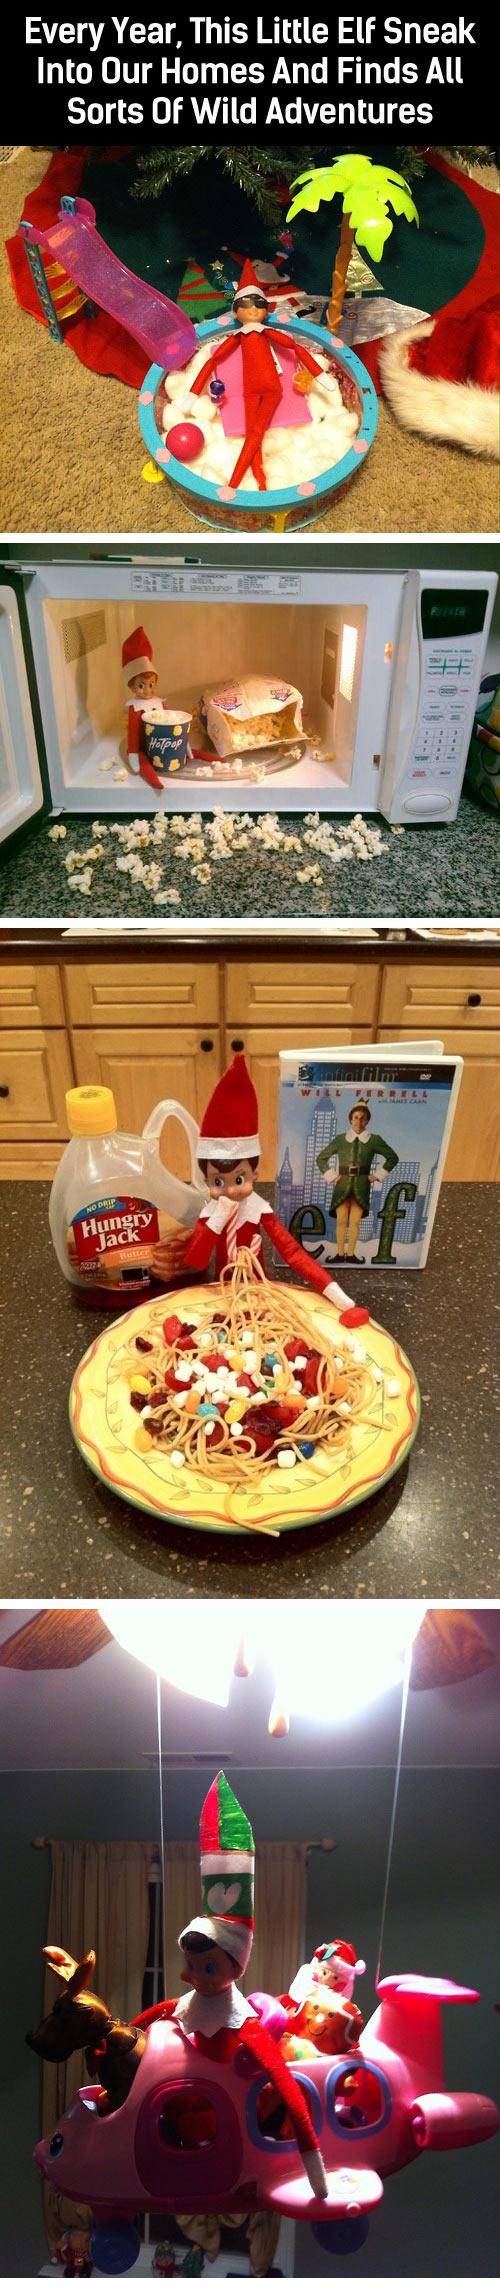 Adventures of Elf on the Shelf...
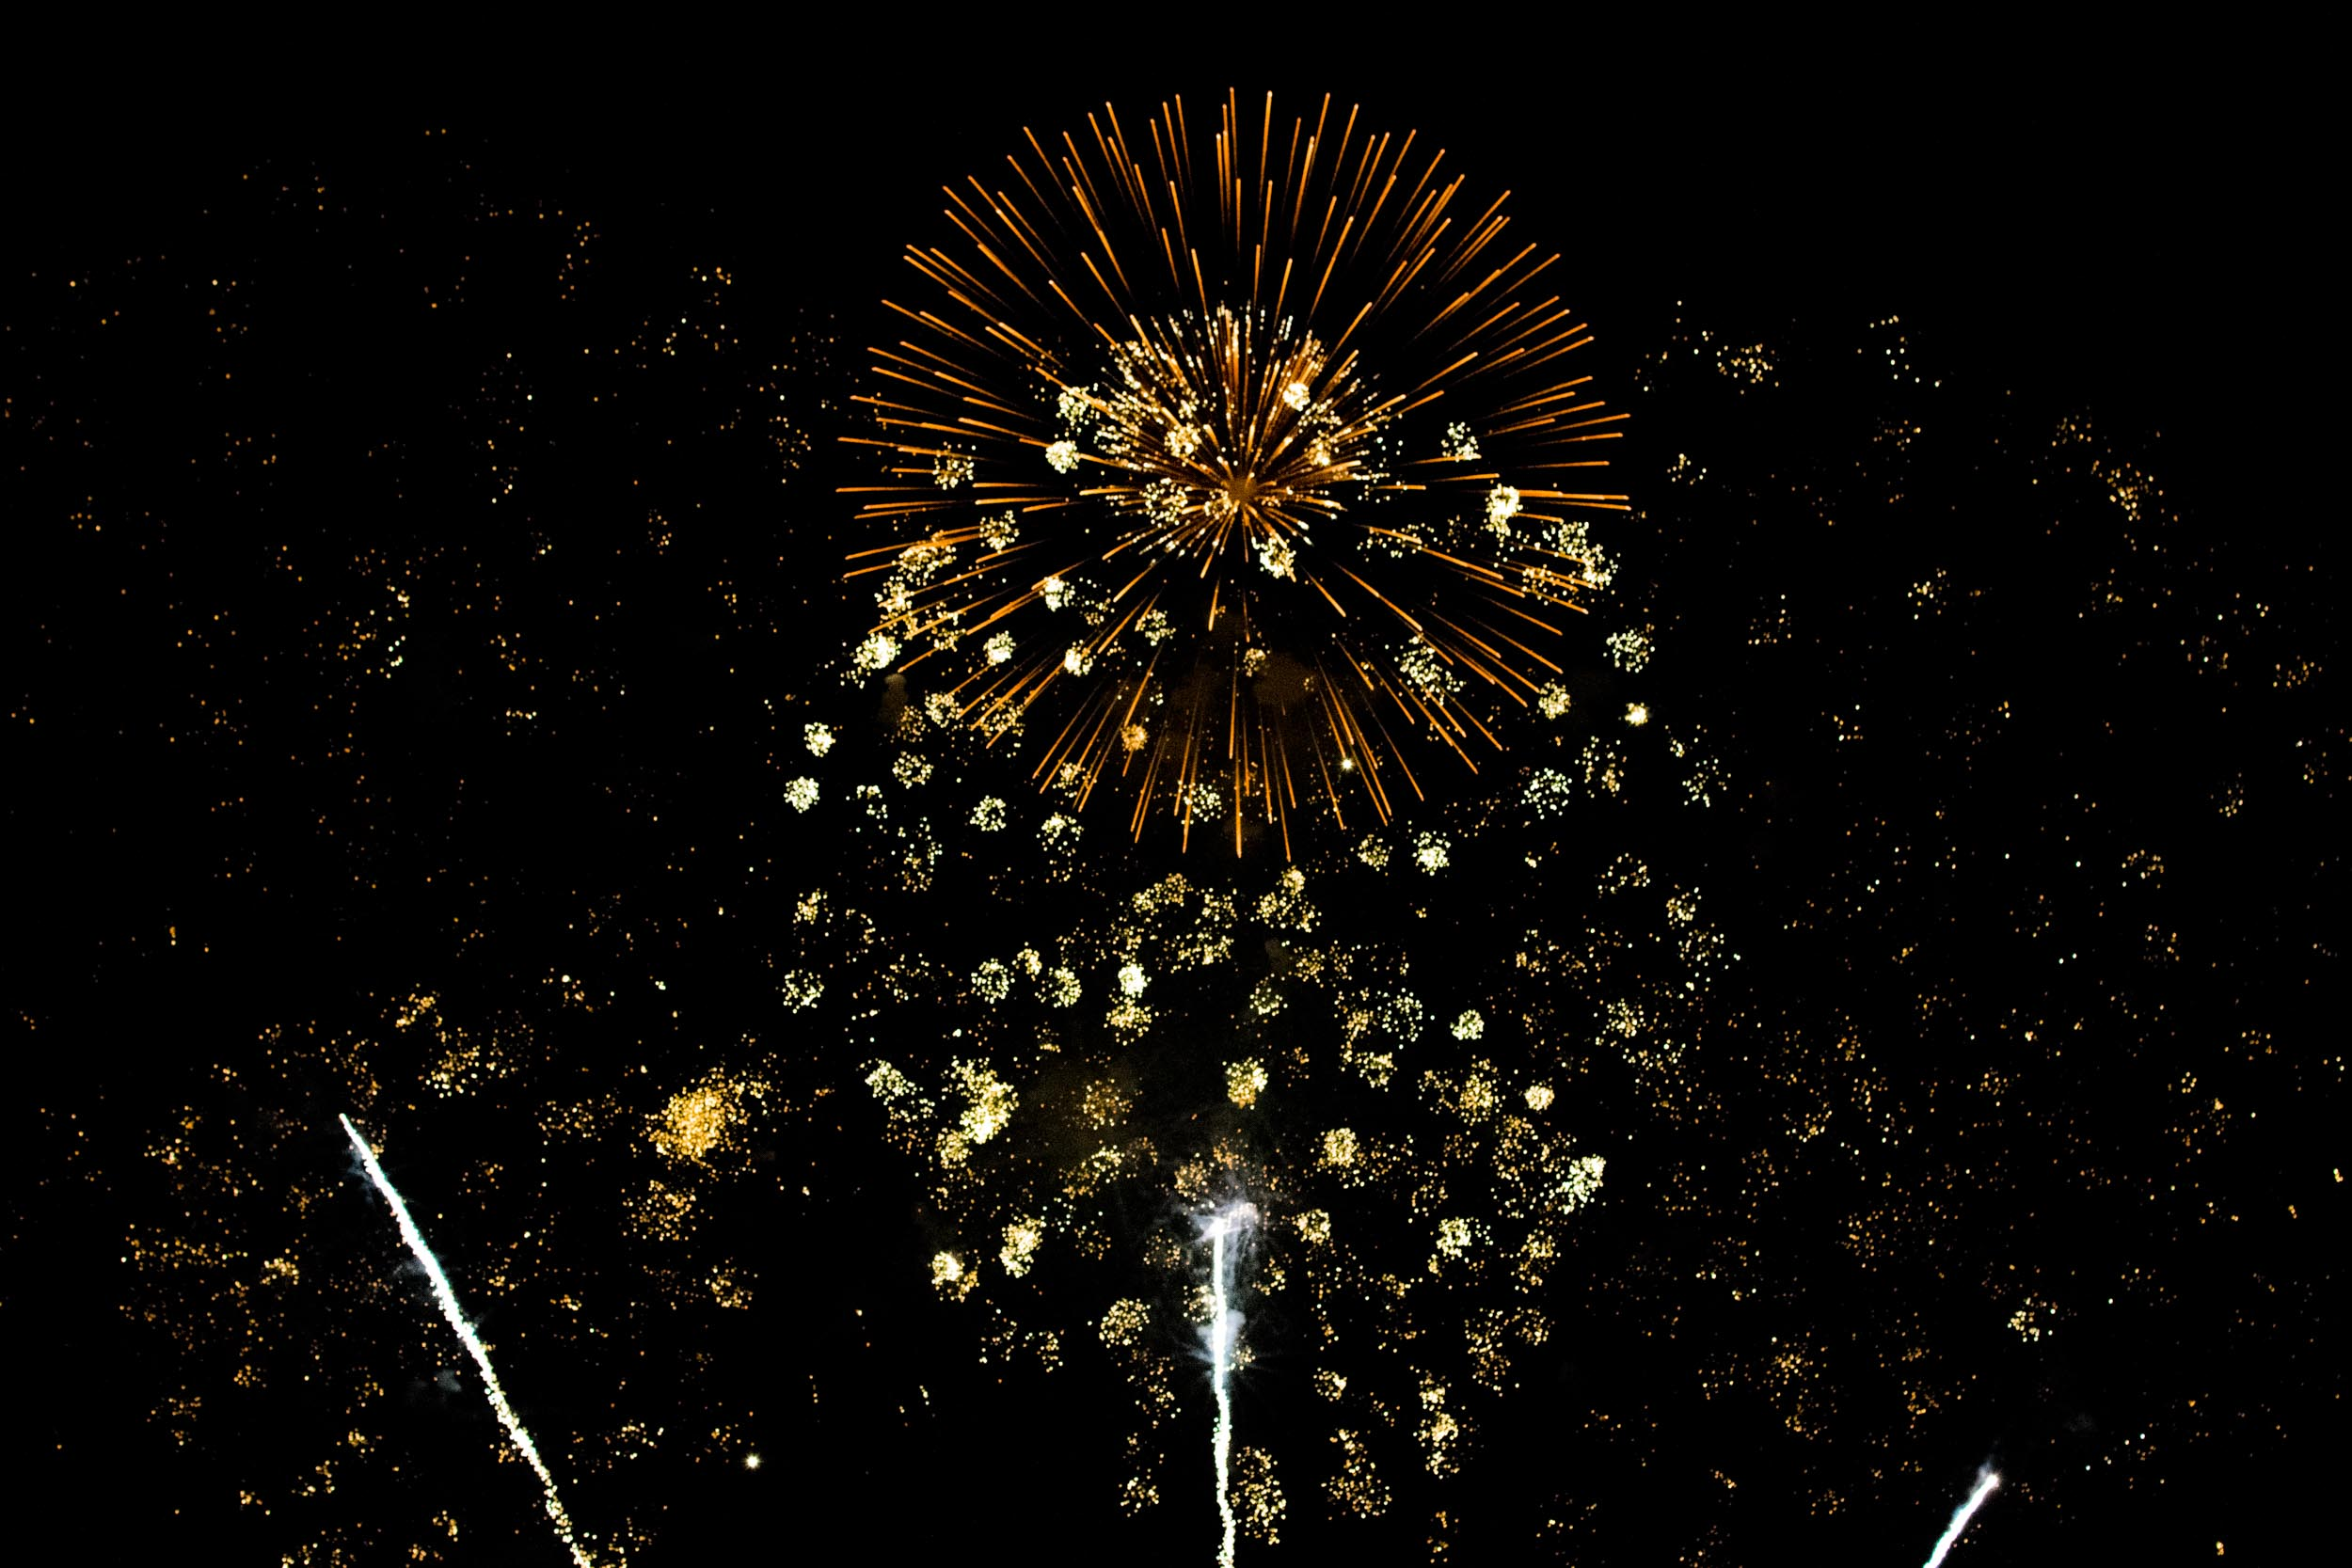 Fireworks, BC. 2017
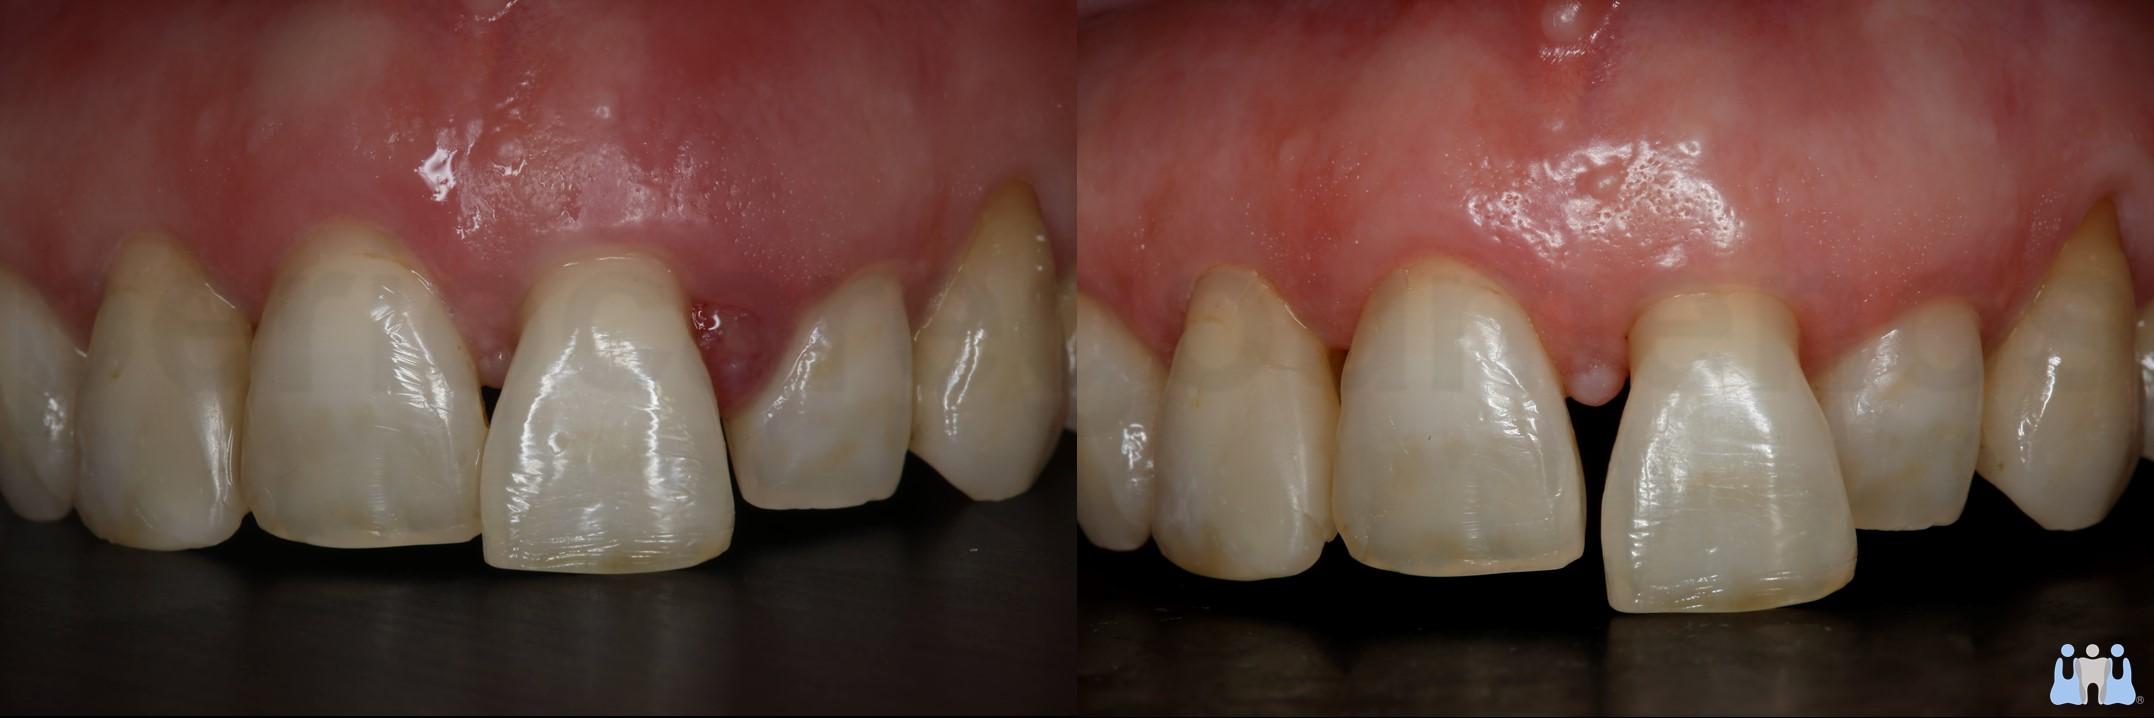 Contemporary periodontal treatment
---*---
§ Your goal
The reply should hold every line of the material above, unchanged, and no pictures.

§ Solution to this problem
 Adventures of Elf on the Shelf...
 Fireworks, BC. 2017
 Contemporary periodontal treatment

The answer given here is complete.